Dealing with timestamps can be complicated and very different depending on the use case, so here is some advice on dealing with them:

  • Filters should always forward timestamps.

  • If a filter doesn't use timestamps, it should still forward them.

  • If an element relies on timestamps and they are not set, it should raise a meaningful error.

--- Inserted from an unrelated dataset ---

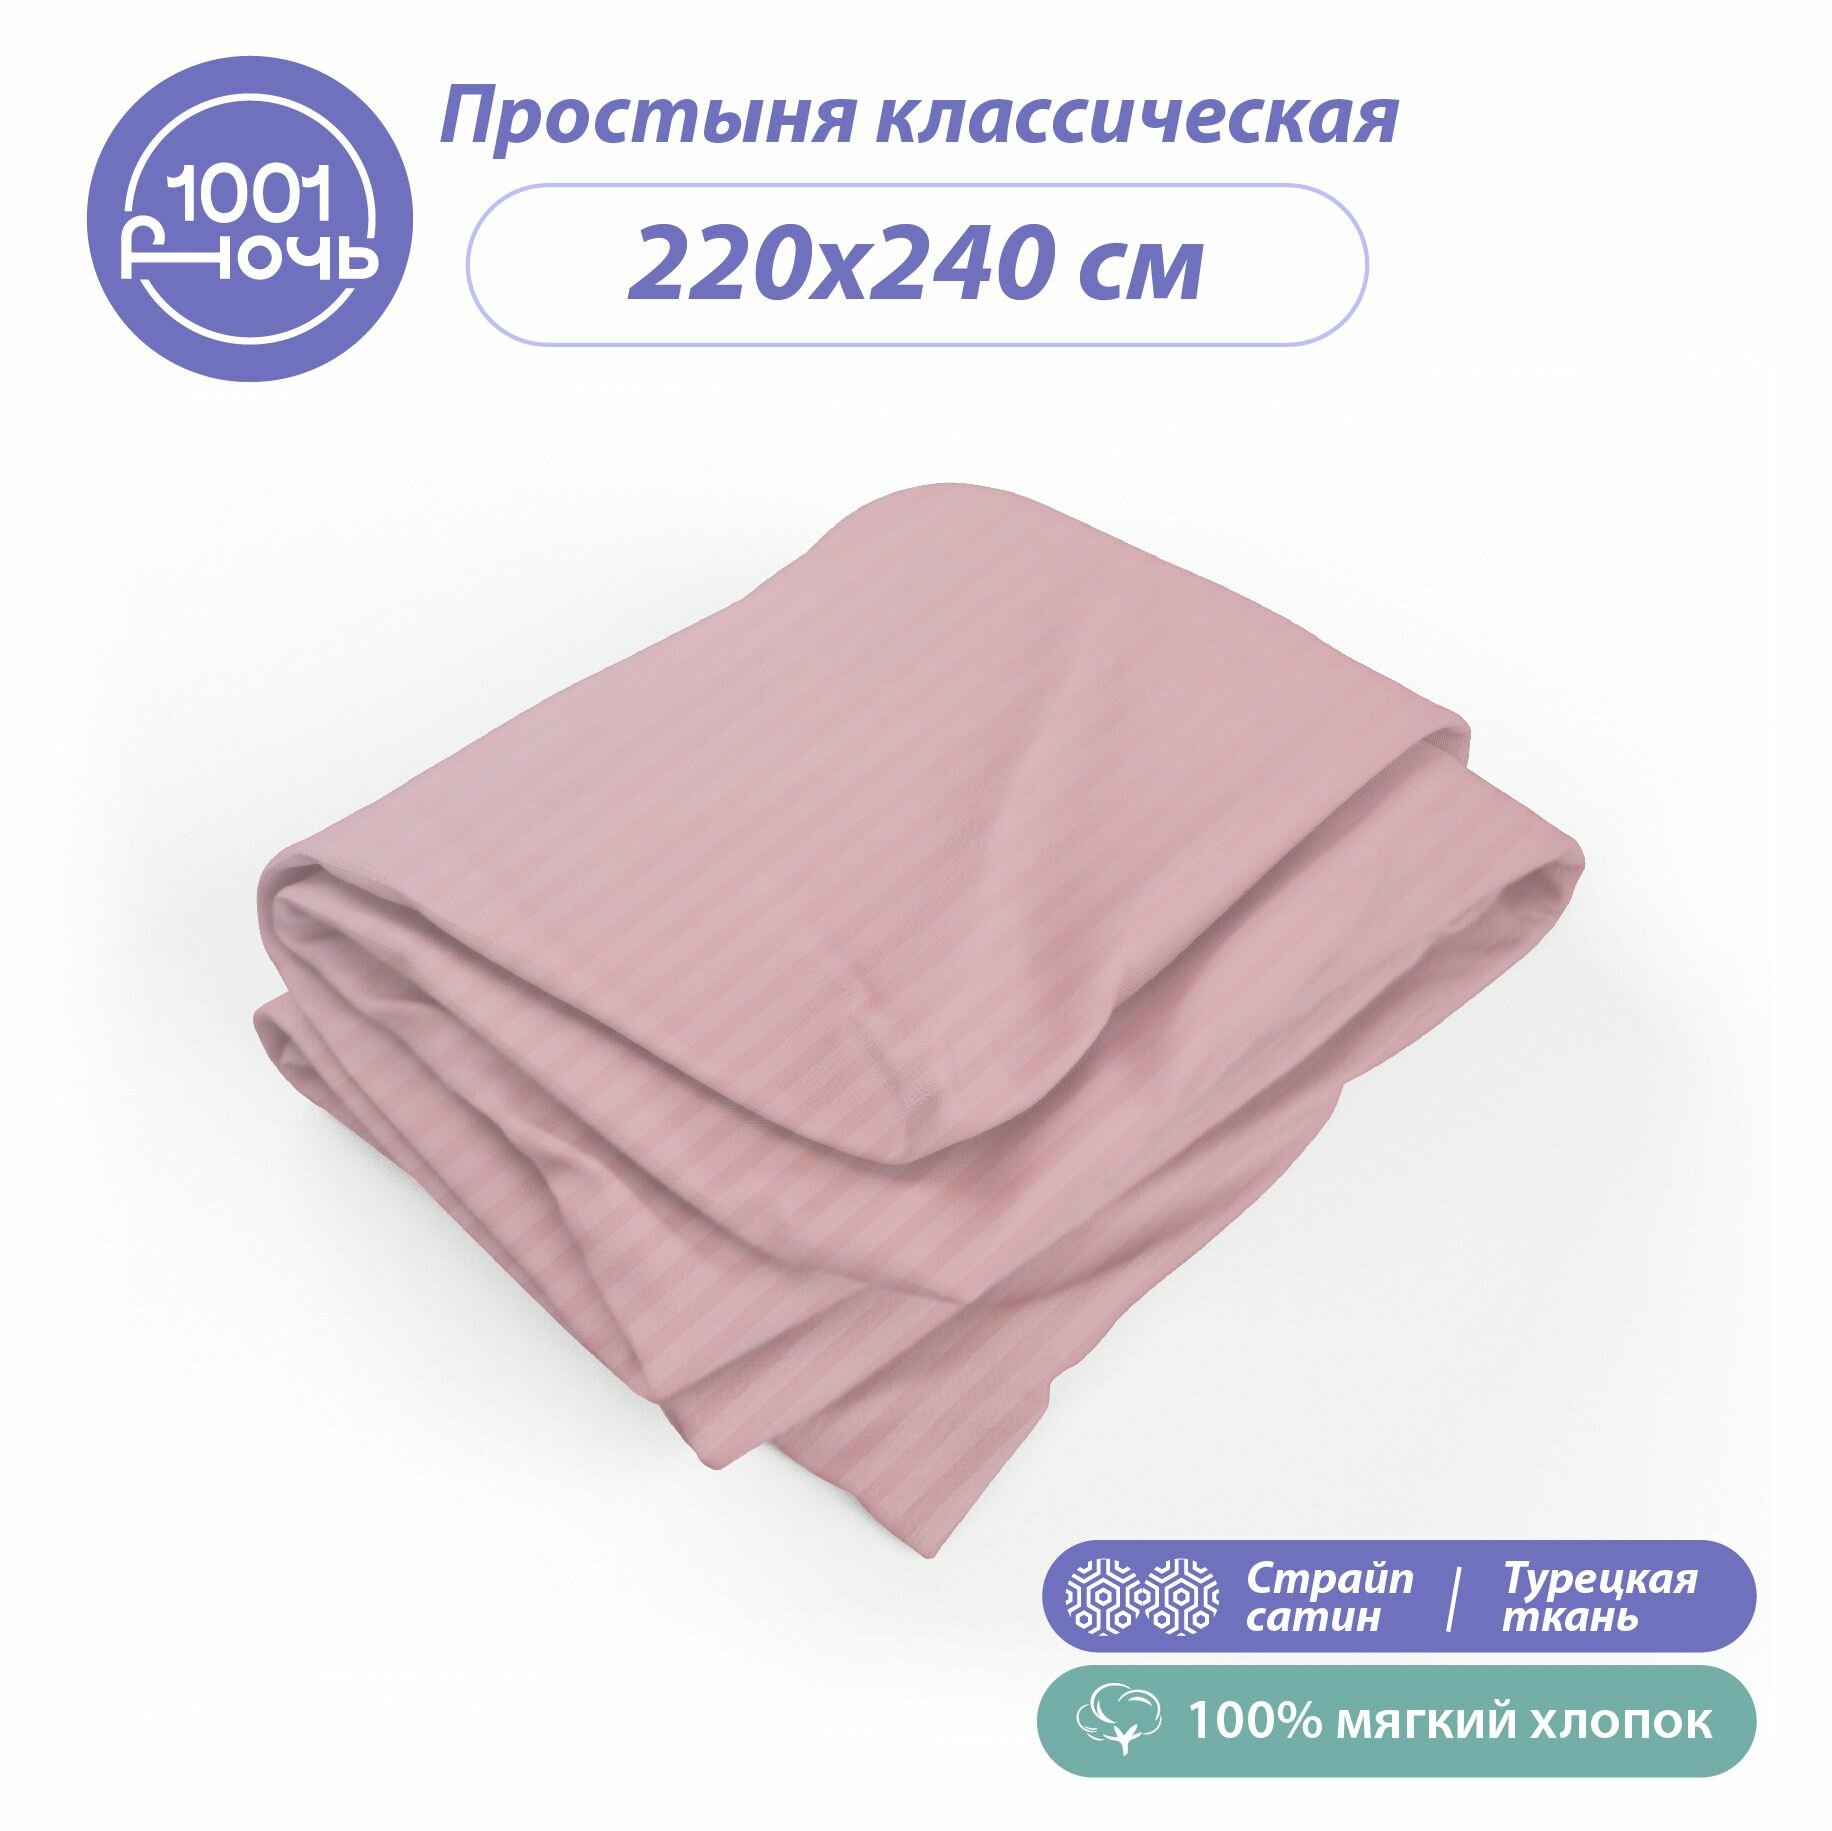 Простыня стандартная страйп-сатин розовый 220х240 см, 2-спальная / евро, 100% турецкий хлопок, "1001 ночь"

  • Sources should attach timestamps to buffers whenever they're known.

  • Whenever possible, elements should rely on timestamps instead of framerate or audio duration calculated from the stream.

  • If an element queues buffers in its state (or uses a library that does so), it should make sure that the timestamps for the output buffers are the same as for the corresponding input buffers.

  • You should ensure that calculations on timestamps don't introduce an accumulating error. Prefer using rationals over floats.

  • Elements should generate deterministic output timestamps for better testability.

  • If an element transforms N input buffers into M output buffers, each of the output buffers should have either:

    • the timestamp of the first of the input buffers (even if only a part of it was used to construct the output buffers).
    • more precise timestamps, if it's possible to calculate them.
  • Timestamps are harder than they seem and are the source of many bugs, including:

    • Audio/video desynchronization
    • Stream hanging (due to waiting indefinitely to process/play a buffer because of a wrong timestamp)
    • Stream stalls (e.g. due to processing a real-time stream slightly faster than real-time)
    • Memory leaks (e.g. due to processing a real-time stream slightly slower than real-time and indefinite buffering)
    • Video flickering (due to incorrect handling of B-frames)
    • Audio cracking

    Therefore, operations on timestamps should be given a lot of care and be well-tested.